Whether you brush your teeth once, twice or thrice per day, this daily ritual can sometimes fall to the wayside during and after the holiday seasons. Sweet treats lurk around every kitchen corner and dining room dessert table. Luckily, we’ve got you covered — but not covered in toothpaste. Check out our top five tips to take care of your teeth this winter.
1. Keep your routine.
Maintaining an oral hygiene routine is always important, especially during the holidays, when parties can go late into the night and interfere, says Dr. Leena Palomo, director of the Doctor of Medicine in Dentistry program in periodontics at Case Western Reserve University in Cleveland.
“The bacteria which cause tooth decay and gum disease don’t know it’s the holidays, just as the blood sugar, body mass index and triglyceride levels don’t know that it’s the holidays,” she says, adding that it’s still vital to maintain brushing daily and flossing and eating at meal times, rather than grazing.
“It’s easy to ‘fall off the wagon’ maintaining both dental and overall health during the holidays,” Palomo says. “It happens. But being mindful during that time and enforcing a routine right after the holidays conclude are good strategies.”
2. Don’t go nuts cracking nuts.
The hard surface of many nutshells may cause serious tooth and gum damage when trying to open them with your teeth, says Dr. Bruce L. Cassis, a dentist from Fayetteville, West Virginia, and president-elect of the Academy of General Dentistry.
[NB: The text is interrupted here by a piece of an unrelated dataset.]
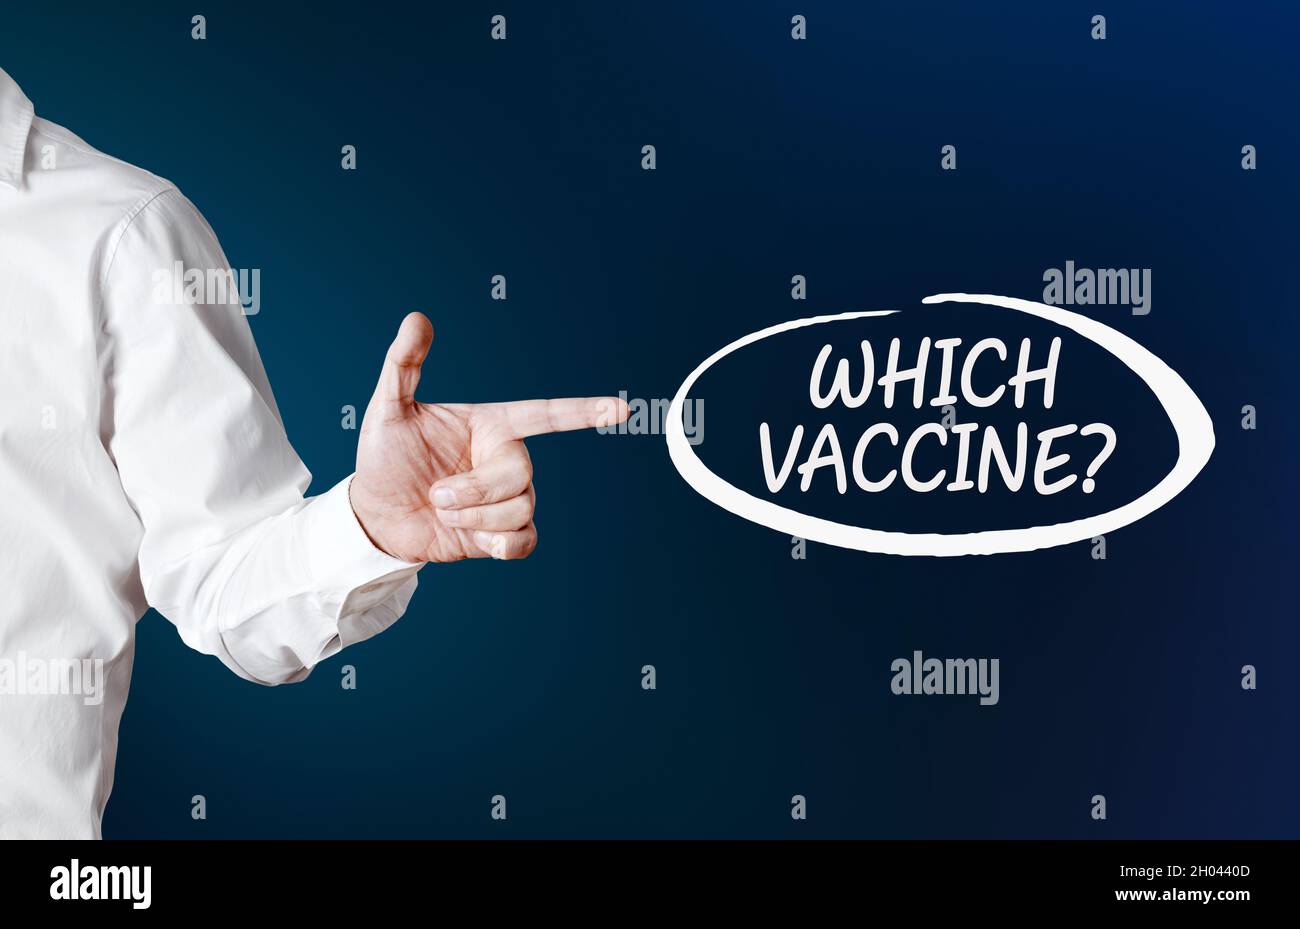 Männliche Hand zeigt auf die Frage, welcher Impfstoff mit einem Umriß auf blauem Hintergrund vorliegt. Wahl des Coronavirus-Impfstoffalternativen-Konzepts. Stockfoto

“Nuts are excellent sources of proteins for muscle and bone strength, but the shells only do damage,” he says. “Invest in a nutcracker! Opening beverage bottles with your teeth can also lead to serious tooth and gum damage. Teeth weren’t made to open beverage bottles and often leads to fractured teeth. Invest in a bottle opener, which is less expensive than a trip to the dentist to repair fractured teeth or lacerated gums.”
3. Quench your thirst the right way.
It’s tempting to grab a glass of eggnog or pop, but Palomo says to go for water instead of sugary drinks.
“Sticky foods, like dried fruit, and starchy foods, like cakes and chips, promote tooth decay and increase blood sugar,” she adds. “Too much alcohol dries the mouth and removes from the cleansing effects of saliva.”
Drinking a lot of water is also helpful in staving off dental decay because it can rinse off food from the teeth and buffer pH levels of the mouth to avoid acidity.
4. Glasses up!
Drinking glasses and bottles are big dental culprits during the holidays and any time you’re entertaining or at a party, says Dr. Charles Sutera, founder and president of Aesthetic Smile Reconstruction in Waltham, Massachusetts.
“The accident is usually the same scenario: someone bumps your elbow while you’re drinking from a glass or bottle, and unfortunately, a front tooth is punished,” he says. “When in close quarters with a lot of other people, one technique I suggest is to preventatively hold your hand as close to the top of your glass or bottle as possible. When you do that, if someone bumps into you, you will bump the soft part of your hand against your mouth instead of the hard surface of a glass or bottle.”
5. Pets are important, too.
When it comes to your animals, “keep them on a regular diet and avoid table scraps. Pets don’t know there is a holiday,” Cassis says.
Sutera adds that when you have a house full of company, pets often get a little more free reign than usual.
“Be sure to keep your dental appliances off the counters and out of their reach,” Sutera says. “We usually have a few extra calls after the holidays that a pet had a field day and chewed up a dental appliance.”